Efficient Algorithms for Solving Inverse Continuous Facility Location Problems with Variable Coordinates and Edge Lengths

Tuesday 08 April 2025


A team of researchers has made a significant breakthrough in the field of facility location, developing two new algorithms that can efficiently solve complex problems related to the placement of facilities.


Facility location is a fundamental problem in operations research, where the goal is to determine the optimal location for a set of facilities to serve a given set of clients. This problem arises in many real-world scenarios, such as designing logistics networks, planning emergency services, and optimizing supply chains.


Traditionally, facility location problems have been solved using linear or integer programming methods, which can be computationally intensive and may not always produce the optimal solution. In recent years, researchers have developed algorithms that use more advanced techniques, such as metaheuristics and genetic algorithms, to solve these problems. However, these methods are often limited in their ability to handle complex problems with multiple constraints and objectives.


The new algorithms developed by this team are designed to address these limitations by using a combination of mathematical programming and optimization techniques. The first algorithm, called ISFLP1, uses a linear programming relaxation to relax the problem’s integer constraints, allowing it to efficiently solve large-scale problems with multiple facilities.
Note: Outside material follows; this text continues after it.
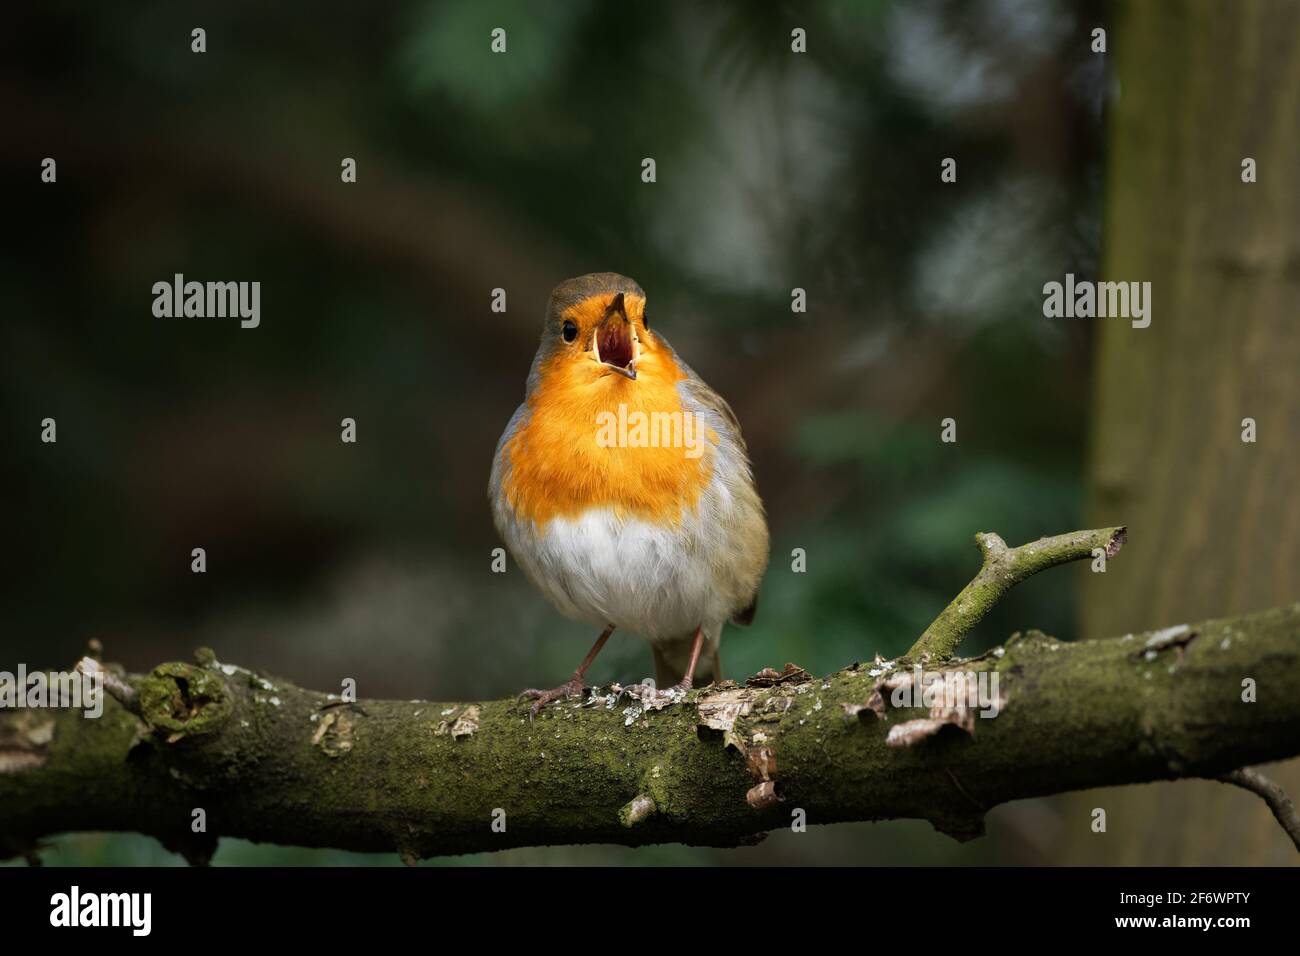 robin on a branch singing joyfully with beak wide open Stock Photo

The second algorithm, called ISFLP2, uses a more advanced technique called branch-and-bound to search for the optimal solution. This method involves recursively dividing the problem into smaller sub-problems and solving each one using linear programming. The results are then combined to obtain an optimal solution that meets all the constraints.


To test their algorithms, the researchers used a variety of real-world scenarios, including a logistics network with multiple warehouses and distribution centers, and a healthcare system with emergency services. In each case, they found that their algorithms were able to produce high-quality solutions that met the desired objectives.


One of the key advantages of these new algorithms is their ability to handle complex problems with multiple constraints and objectives. For example, in the logistics network scenario, the researchers were able to optimize the placement of warehouses and distribution centers to minimize transportation costs while also ensuring that all clients have access to at least one facility within a certain distance.


The results of this research have significant implications for many fields, including operations research, computer science, and engineering. The new algorithms can be used to solve complex problems in logistics, healthcare, finance, and other industries where facility location is critical.


Overall, these new algorithms represent an important advance in the field of facility location, offering a powerful tool for solving complex problems with multiple constraints and objectives.


Cite this article: “Efficient Algorithms for Solving Inverse Continuous Facility Location Problems with Variable Coordinates and Edge Lengths”, The Science Archive, 2025.


Facility Location, Operations Research, Algorithm Development, Linear Programming, Integer Programming, Metaheuristics, Genetic Algorithms, Logistics, Healthcare, Optimization Techniques


Reference: Nazanin Tour-Savadkoohi, Jafar Fathali, “Inverse single facility location problem in the plane with variable coordinates” (2025).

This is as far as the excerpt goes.